Following the defeat of the Liberals in 1988, the leadership race was on, beginning formally in 1989. It was a given that Chrétien would enter the race. Many would say he never left the race after 1984. He had a well-established network of seasoned veterans across Canada bolstered by a diverse group of grassroots supporters. It was more than a machine though. Chrétien was a very unique force in Canadian politics. He was a populist crowd-pleaser who was strongly associated with the federalist cause in the 1980 Quebec referendum and the fight to patriate Canada’s Constitution in 1982. His biography Straight from the Heart flew off the shelves. He was more popular than John Turner across Canada, but despite internal Liberal machinations, he would have to wait. Turner would get a second chance.
By the time 1989 rolled around, grassroots Liberals were picking sides between Chrétien and the main contender Paul Martin Jr., who had just been elected MP in 1988. The son of a namesake Liberal cabinet heavyweight, Martin had his own national network to fall back on, along with the support of many in the Turner network. He was the pro-Meech candidate (along with Sheila Copps).
This was in the days that leadership conventions were delegated affairs. The grassroots of the party came alive as members jockeyed to become delegates and participate in an historic democratic event that came along once a decade (or less). Organizers for Chrétien and Martin fanned out across the country calling in chits, identifying the local power brokers (then identifying the people who really did the work), and putting together delegate slates and the memberships to get those slates elected.
In a bygone era, longstanding members might contest for a spot and be elected on their own personal standing. By 1984, that quaint practice had largely been disposed of and by 1990 it was a straight slug fest between two rival, well-financed teams. Yes, Sheila Copps was a presence, along with fellow MPs John Nunziata and Tom Wappel but this was a Chrétien-Martin fight and everyone knew it.
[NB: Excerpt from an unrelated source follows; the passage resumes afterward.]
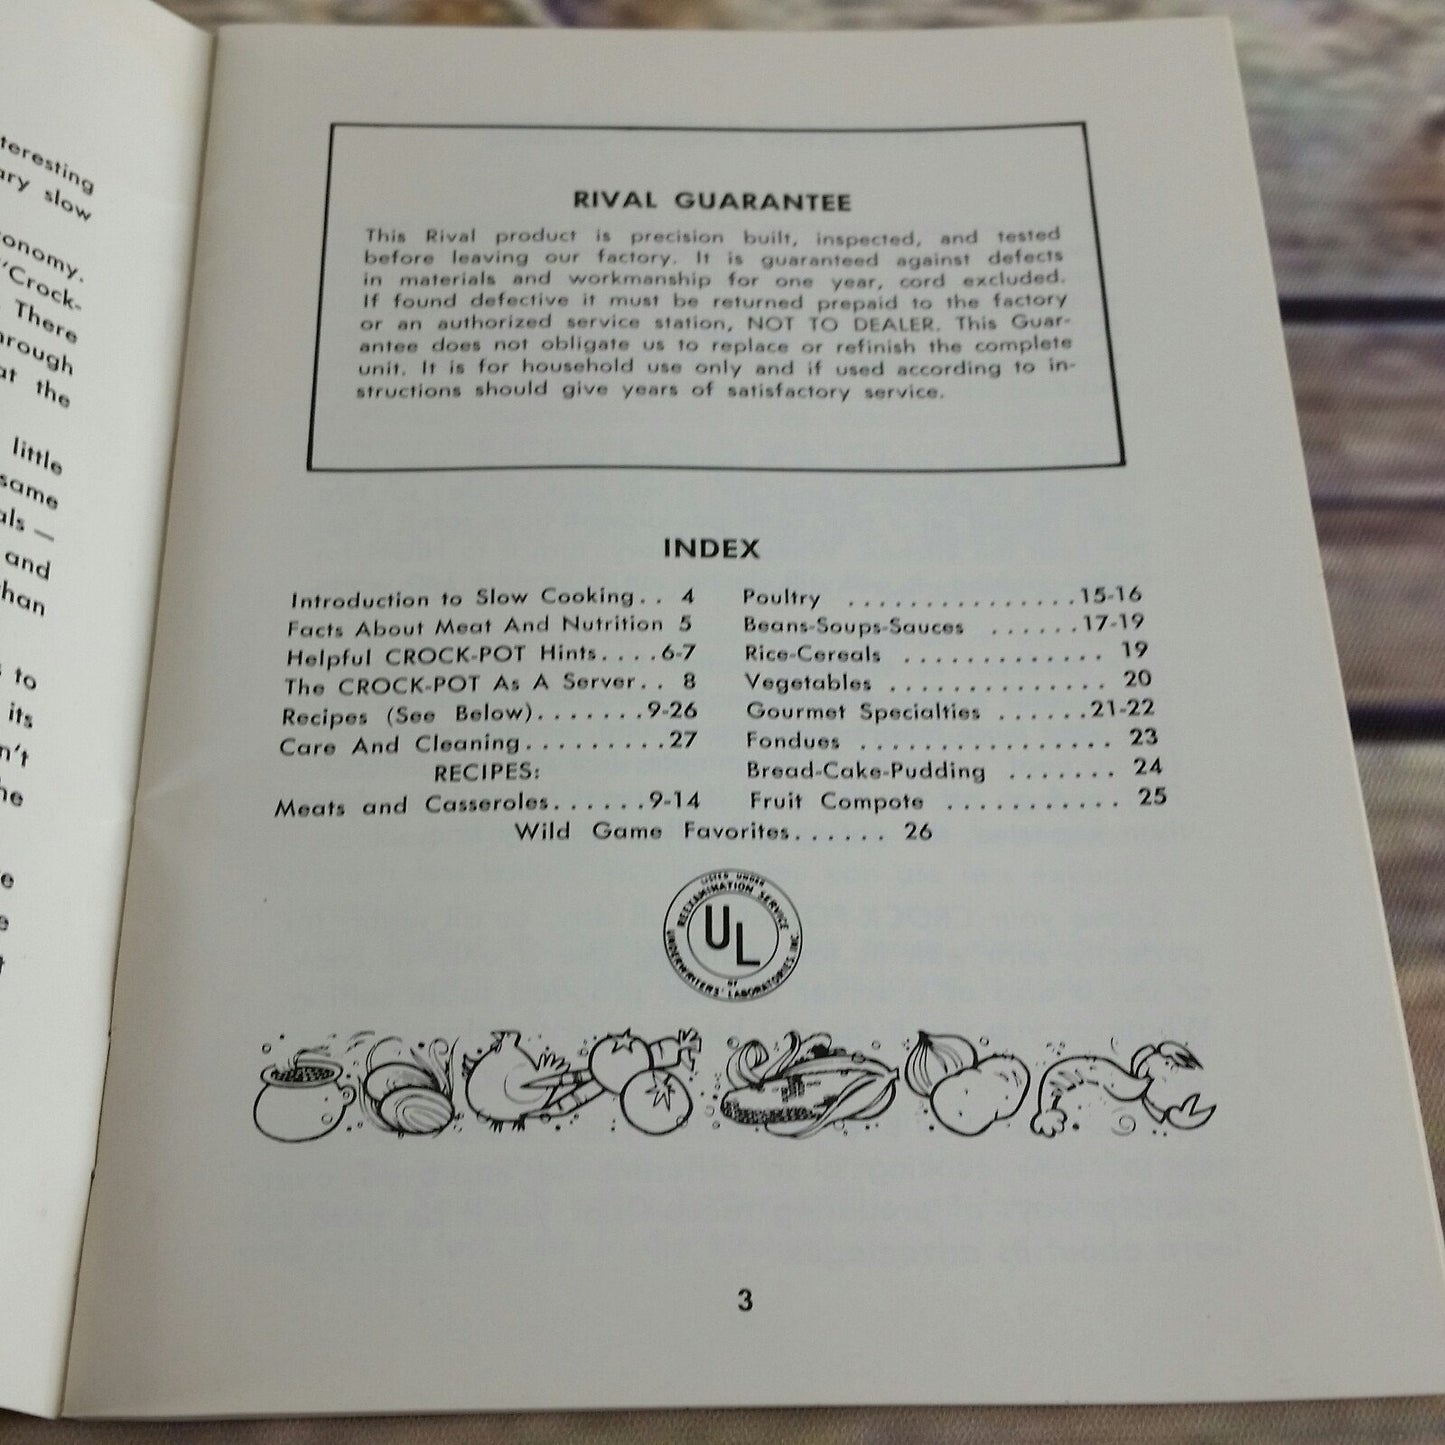 Vintage Rival Crock Pot Cookbook Owner's Manual Recipes Slow Cooker 1970s Paperback Booklet 427-399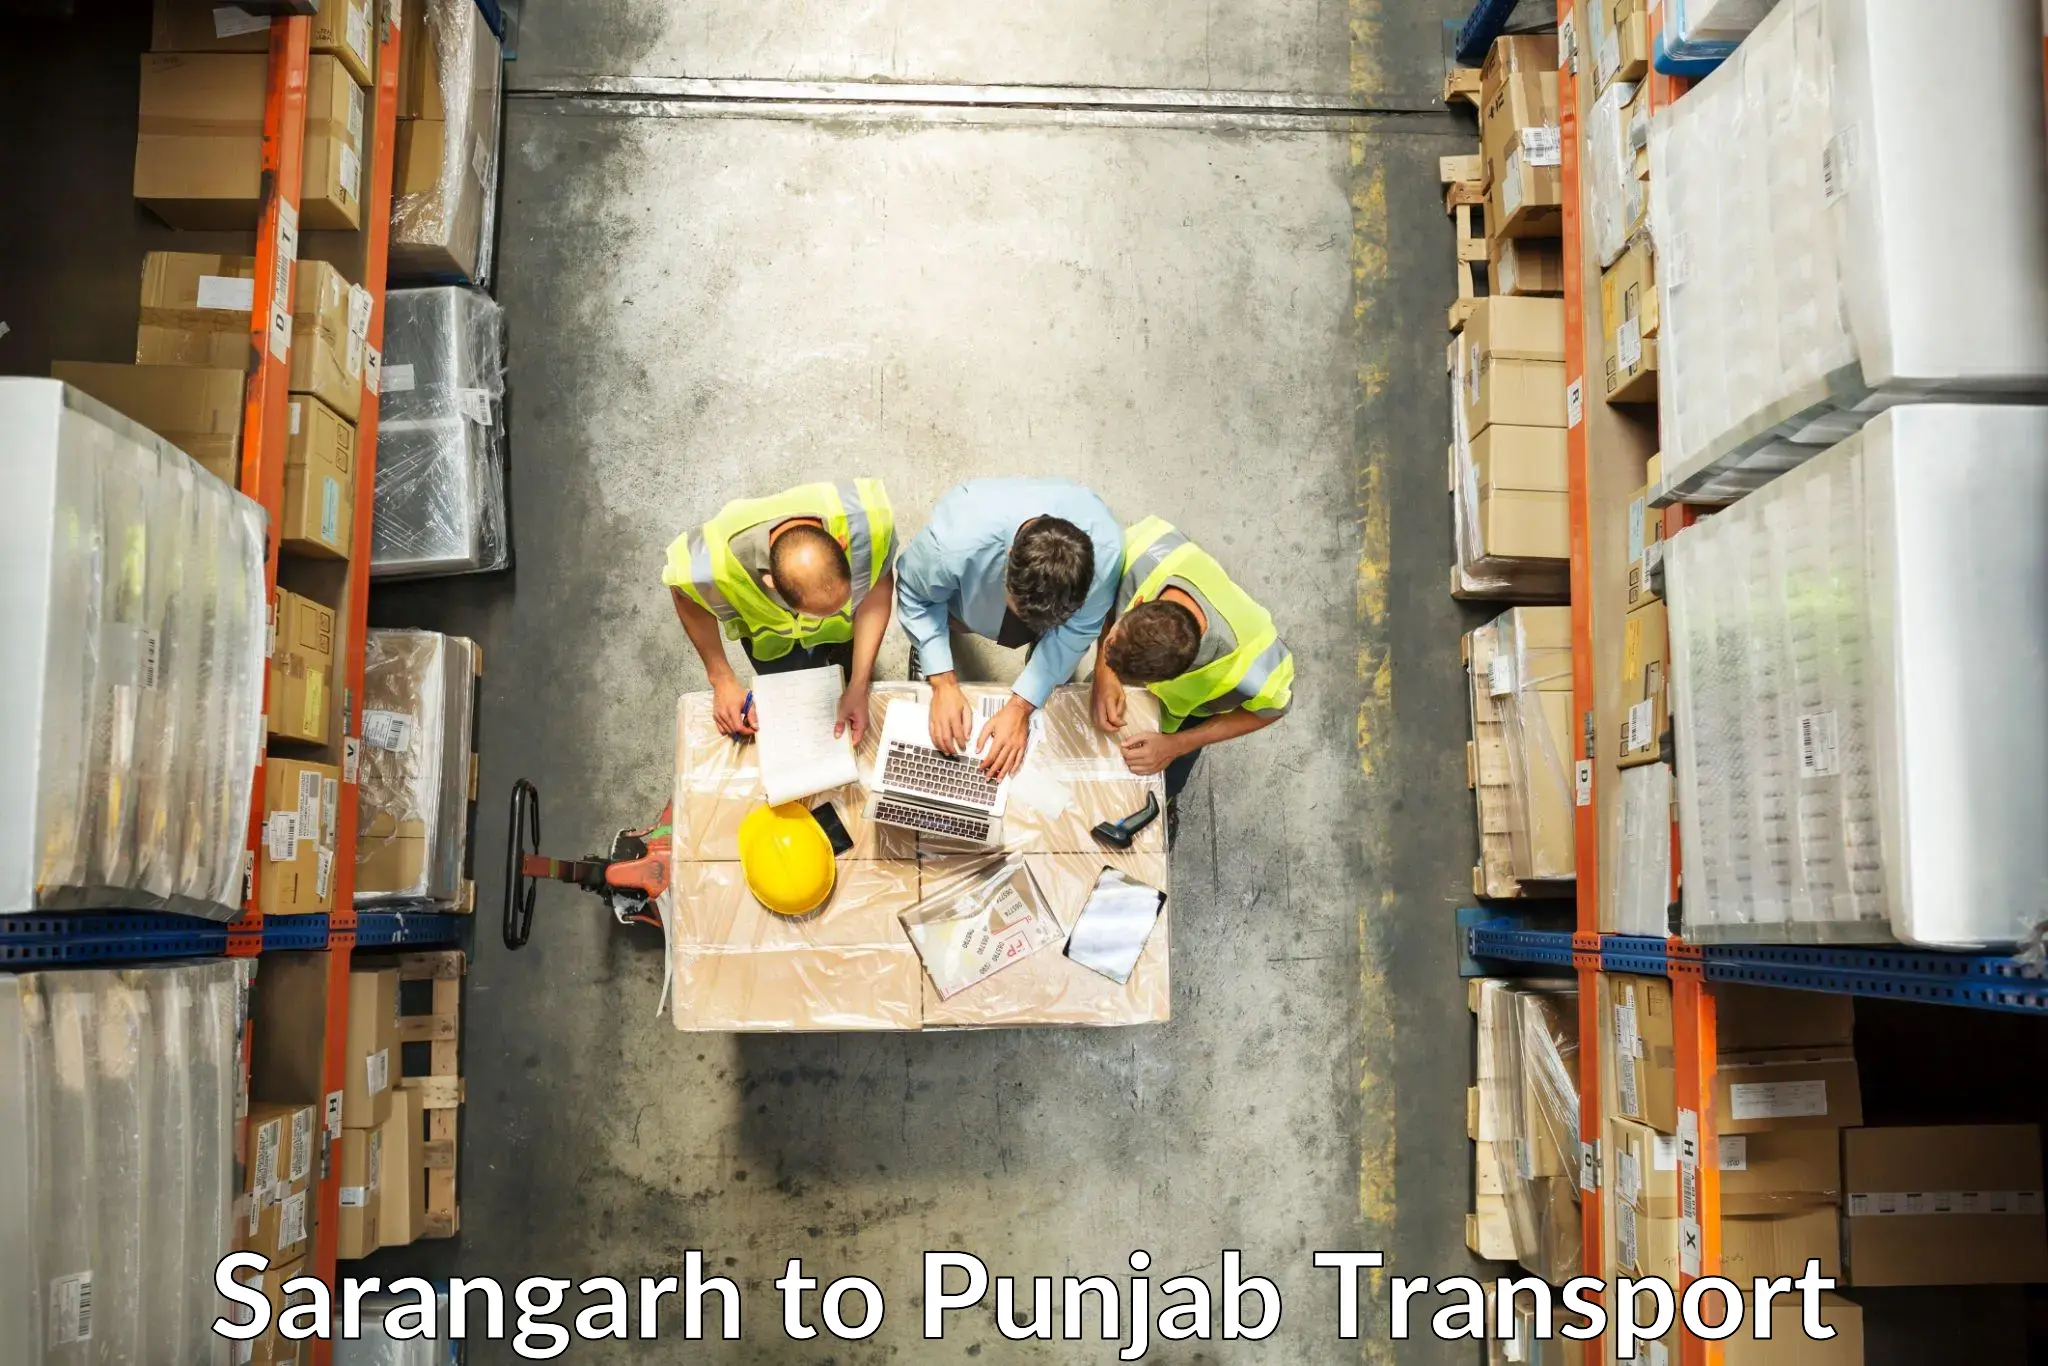 Truck transport companies in India Sarangarh to Muktsar

While largely staying out of the fray in 1989, I had a chance to meet and hear many of the candidates. I took a liking to a darkhorse candidate, Clifford Lincoln, a former provincial cabinet minister from Quebec. He resigned from Robert Bourrassa’s cabinet protesting the infringement of language rights (“Rights are rights are rights”) and from there jumped into the Liberal leadership race. His campaign winnebago pulled up to my house in Maple Ridge to meet the locals as he sized up his prospects. The moral of this story is that despite meeting him a few times, Lincoln never made the ask for support. I have seen this many times over the years – candidates who go 99% of the way then fail to make the sale. This was not a problem for Chrétien and Martin. They were going full Glengarry Glen Ross.
Into 1990
By the time 1990 arrived, the leadership campaign was heating up while the wheels had been falling off Meech. Prime Minister Mulroney needed to have the Accord approved by every provincial legislature, but as provincial elections took place, he was left with less cooperative partners.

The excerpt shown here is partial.